Я ворчу, луна смеется надо мною свысока, — Так богач с балкона смотрит на страданья бедняка.

Но чисто пейзажные, лирические стихотворения, написанные Тукаем после 1911 года, можно сосчитать на пальцах одной руки. Перелом в поэзии Тукая был продиктован всей логикой его духовного развития. Саз Тукая, подобно лире Некрасова и Никитина, выражает отныне жалобы и чаяния народных низов. По-видимому, сам Тукай сознавал начавшийся перелом. Не случайно в 1911 году в письме к Сунчаляю он защищает Никитина. Говорит о его незаурядном таланте, развитие которого сдерживалось, по его мысли, отсутствием систематического образования.

Открытая гражданственность поэзии Тукая вызывала недоумение, а порой и возмущение его прежних почитателей. На том основании, что Тукай писал о «некрасивых», «непоэтических» вещах, кое-кто заговорил, что стихи Тукая вообще вряд ли являются поэзией. Как это ни кажется теперь странным, первым публично высказался в этом смысле Галимджан Ибрагимов.

 

2

Среднего роста, сухощавый, в 1907 году Галимджан Ибрагимов чем-то напоминал молодого Горького. Поверх тужурки — черная накидка, начищенные до блеска высокие сапоги, в руках толстая трость. Длинные темные волосы ниспадают до плеч.

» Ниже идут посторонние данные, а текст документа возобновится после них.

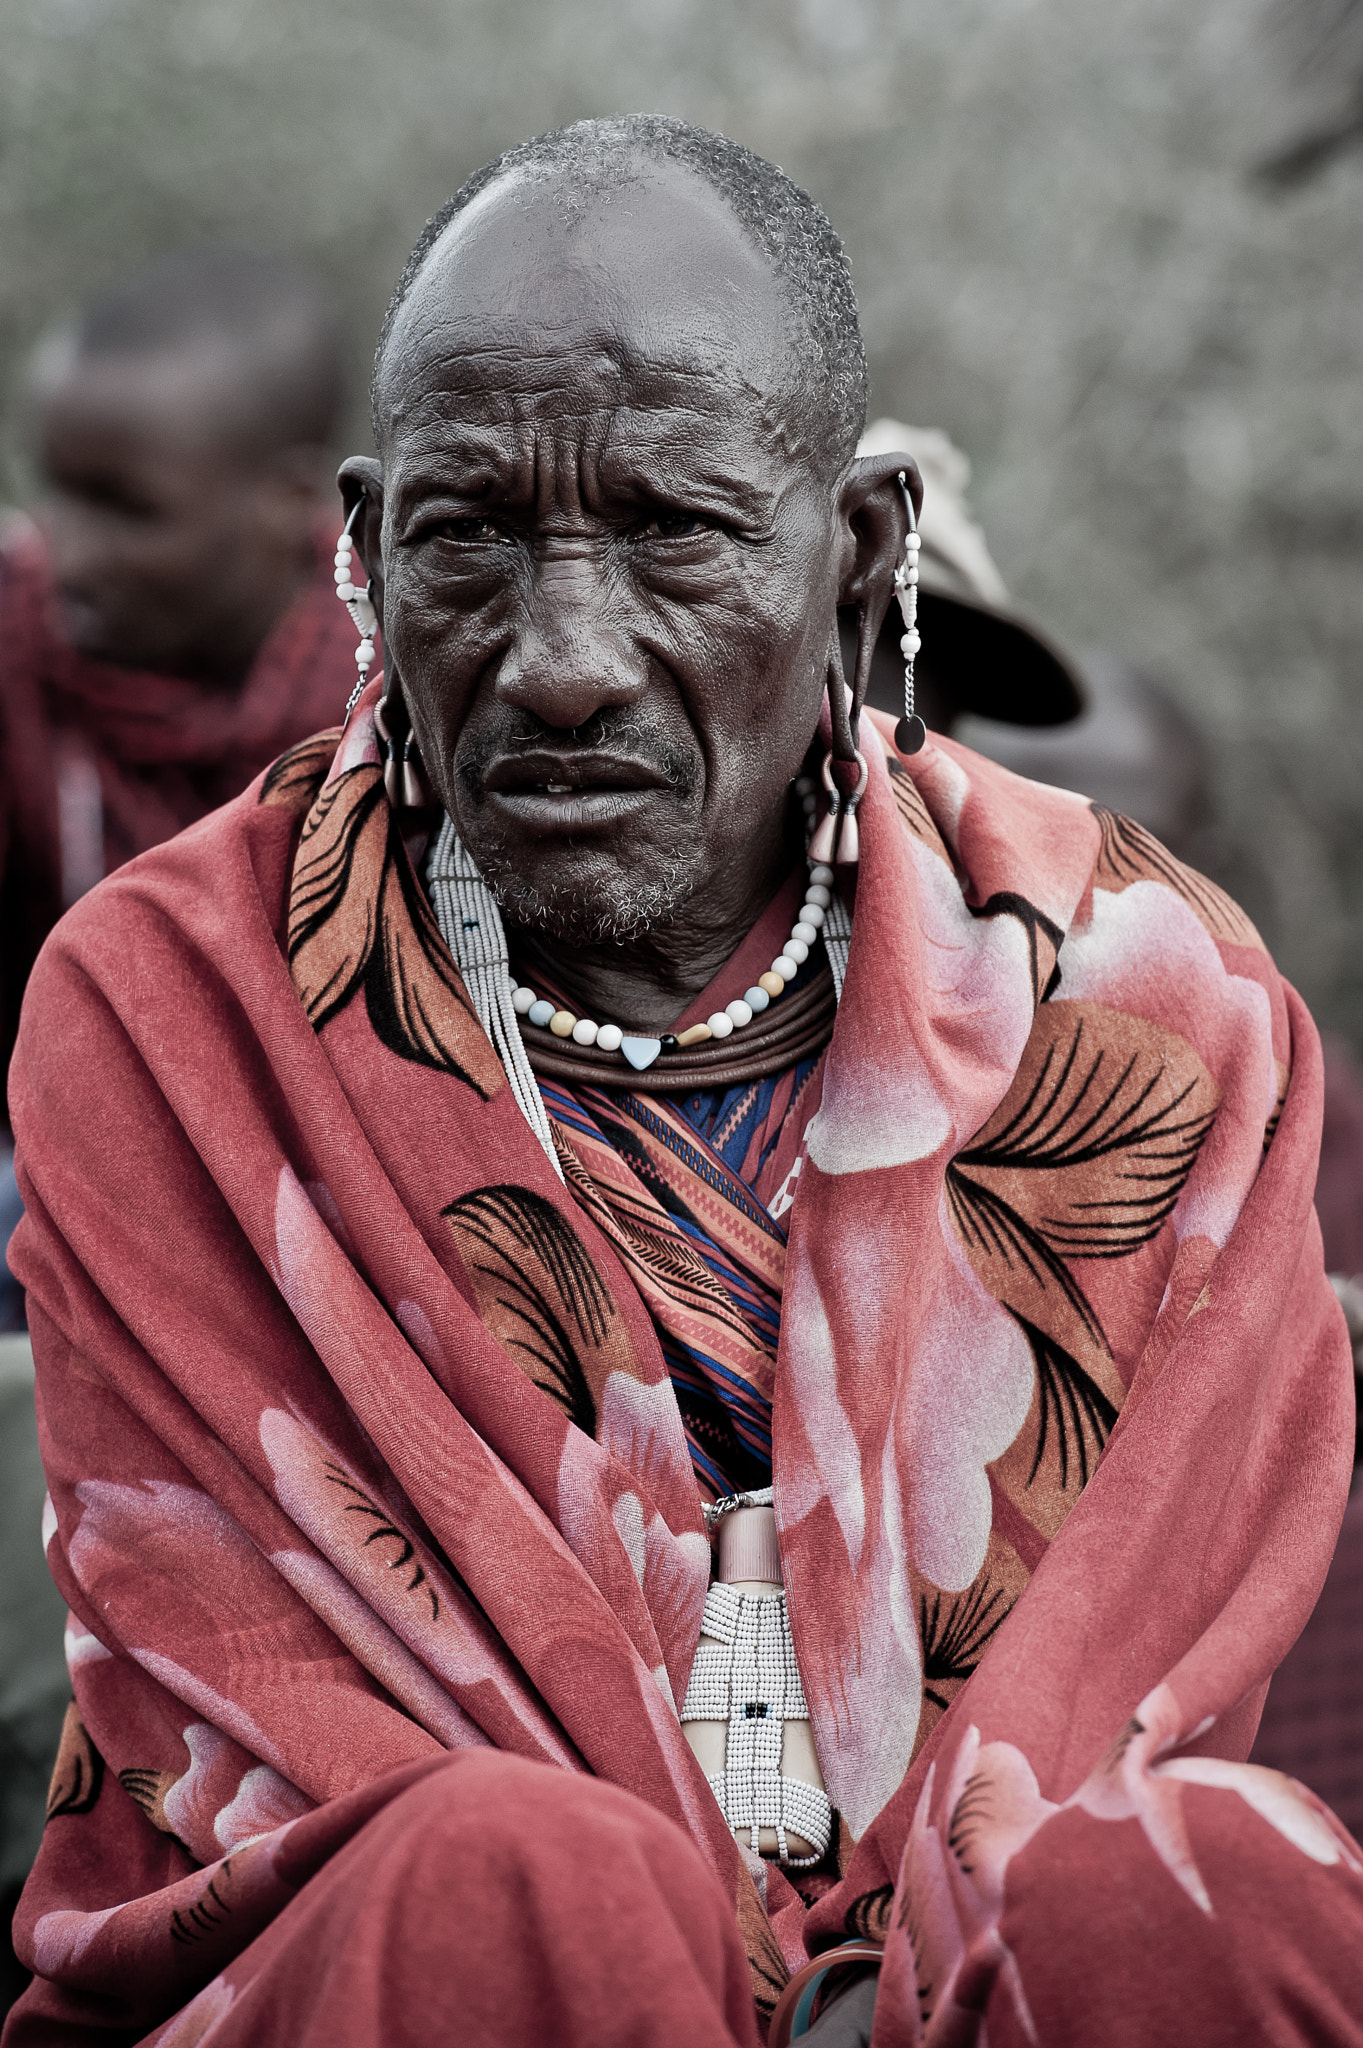 The maasai elder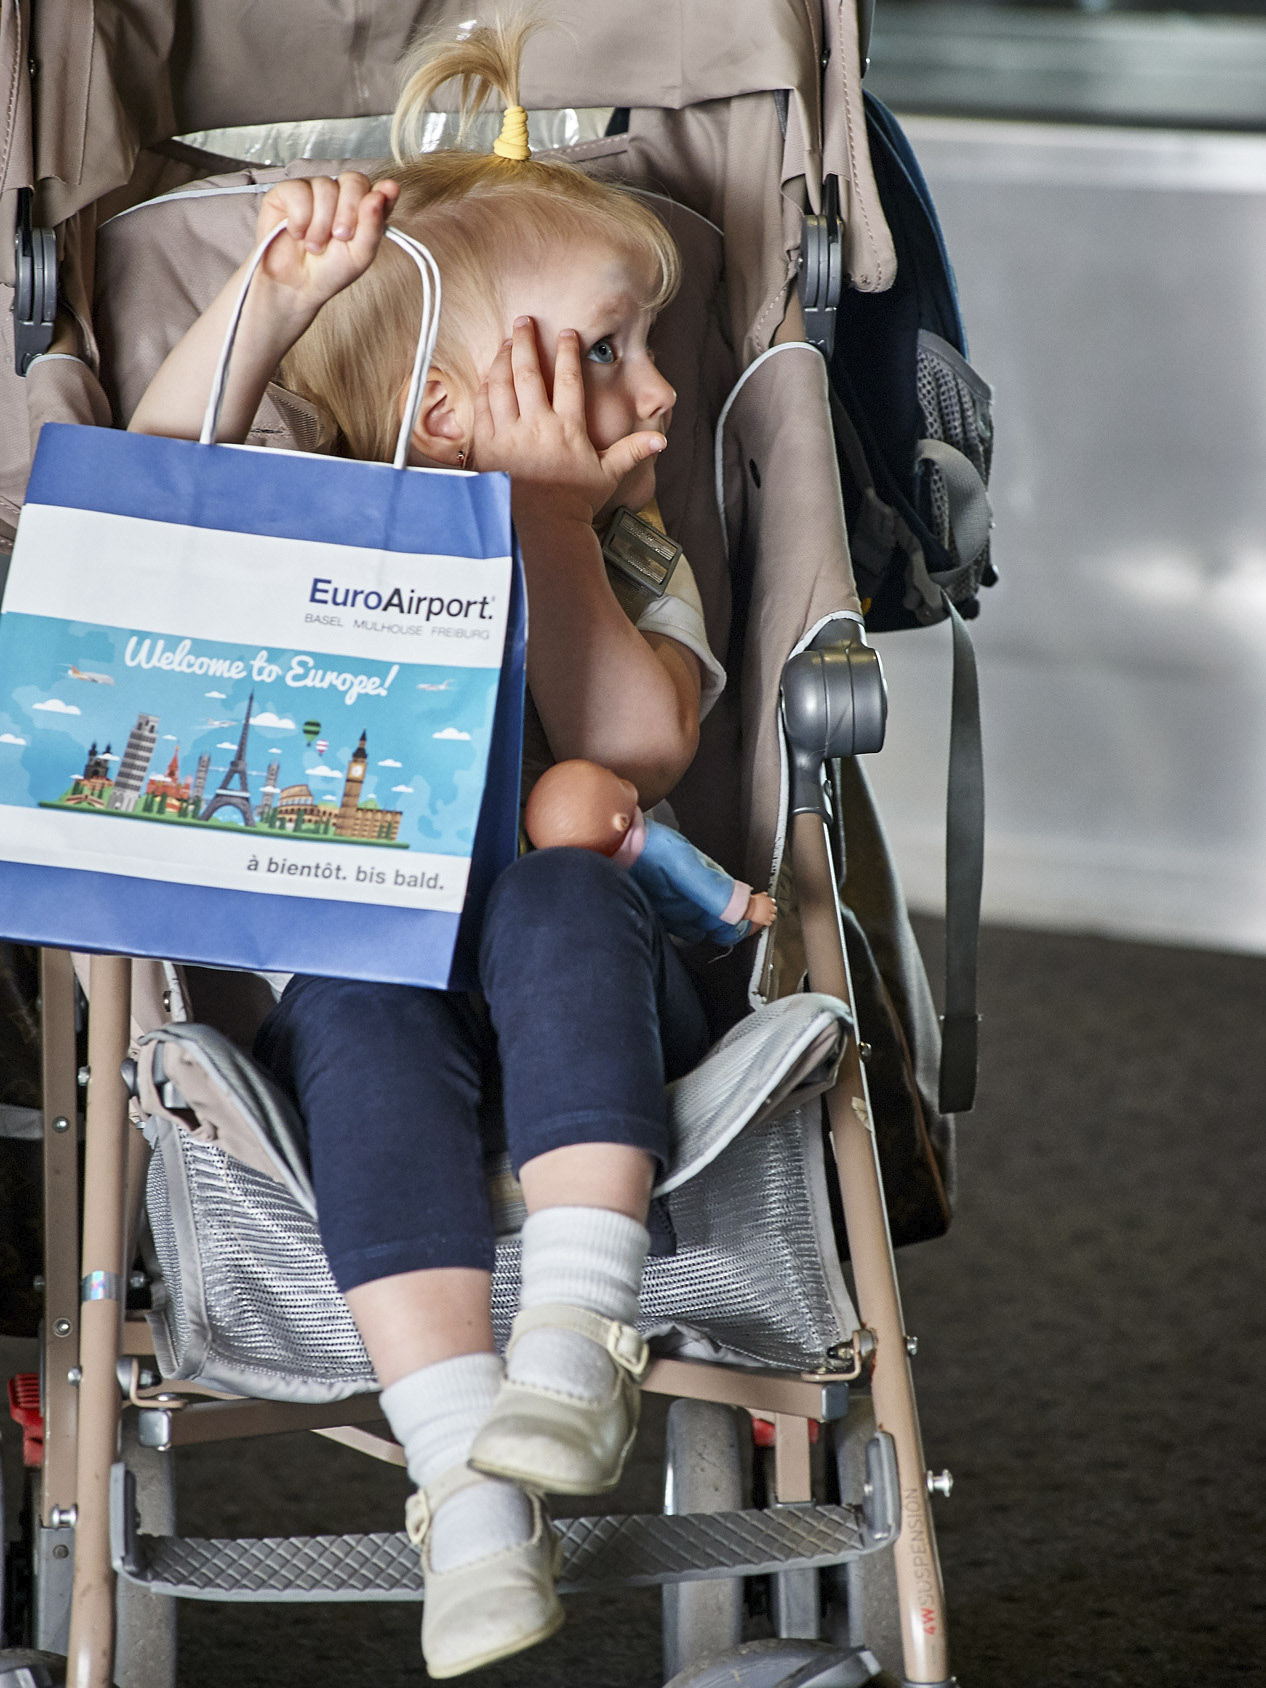 Beitragsbild Corporate, Reisefotografie, Flughafen, Basel Mulhouse, Euroairport, kind im Kinderwagen

Будущий писатель приехал в Казань с мыслью поступить в университет. Но для этого сначала надо было сдать экзамены на аттестат зрелости. С присущей ему энергией он берется за учебу. Увлекается Белинским, охотно читает Писарева и зарабатывает на жизнь репетиторством.

В «Эль-ислахе» Ибрагимов опубликовал свой первый рассказ «Изгнание шакирда Заки из медресе». Продолжая писать рассказы, он все больше внимания уделяет литературной критике, причем большинство его критических статей посвящено поэзии.

Оживление татарской литературы после революции 1905 года имело, как мы уже говорили, и свою оборотную сторону: в литературу хлынуло много малоталантливых людей. Деклараций и поучений публиковалось больше чем достаточно, а вот художественных произведений создавалось немного. Критически оценивая татарскую поэзию тех лет, Ибрагимов пытается выработать высокие критерии художественности, чем немало способствует дальнейшему развитию национальной литературы. Но в пылу отрицания он порой выплескивает вместе с водой и ребенка. Взяв за образец Белинского, двадцатитрехлетний Ибрагимов зачастую воспринимает его слишком односторонне и тут же прилагает мысли, высказанные за семьдесят лет до того, к современной литературе. Белинский писал: «Поэт или пересоздает жизнь по собственному идеалу, зависящему от образа его воззрения на вещи, от его отношений к миру, к веку и народу, в котором он живет, или воспроизводит ее во всей ее наготе и истине, оставаясь верен всем подробностям, краскам и оттенкам ее действительности. Поэтому поэзию можно разделить на два, так сказать, отдела — на идеальную и реальную». То, что великий критик именует идеальной поэзией, не сводится к романтизму, но он занимает в этом понятии первое место.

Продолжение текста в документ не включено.